When Reuters accompanied Anuruddh Mishra, a Colgate sales agent, on a field visit to Mumbai’s Dharavi area, it struggled to convince Shivkumar Singh, the 50-year-old owner of a dilapidated store, to make purchases. Dharavi is home to 1 million people and is ranked among the largest slums in the world.

Singh opened his JioMart app and showed the much lower prices on offer. “How can I order from traditional distributors? ” he said. “The price difference is huge. Now I mainly order from Reliance. “

A Reuters review of offers to buy on the JioMart Partner app showed that the Dharavi retailer could wholesale a two-tube combo of Colgate MaxFresh toothpaste for around 115 rupees ($ 1.55). Vendor Mishra’s distribution company gets it for Rs 145, and his latest offer to the Dharavi retailer was Rs 154, more than a third more than the Reliance price.
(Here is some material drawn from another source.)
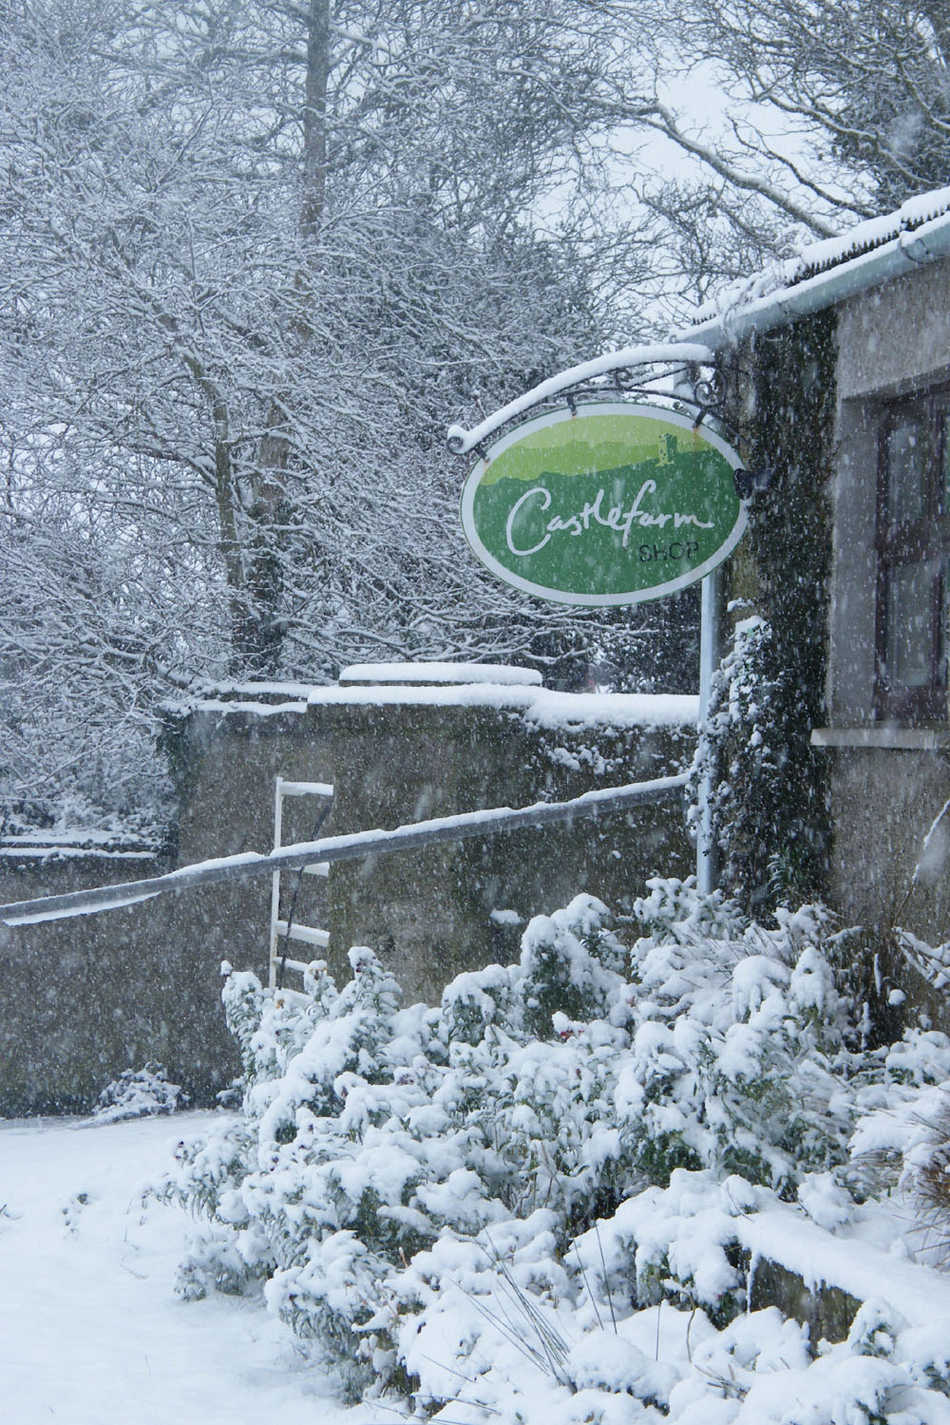 Castlefarm Shop in Snow

Back in Sangli, traditional distributors said they sometimes chased Reliance vehicles and confronted drivers, alleging unauthorized deliveries.

Sunil Pujari, who works in the city for a JioMart delivery agent, said he was warned by his supervisors to alert them immediately if angry distributors stop vehicles.

But business remains dynamic.

“The prices offered by JioMart cannot be matched by anyone,” he said, making another delivery in a crowded market.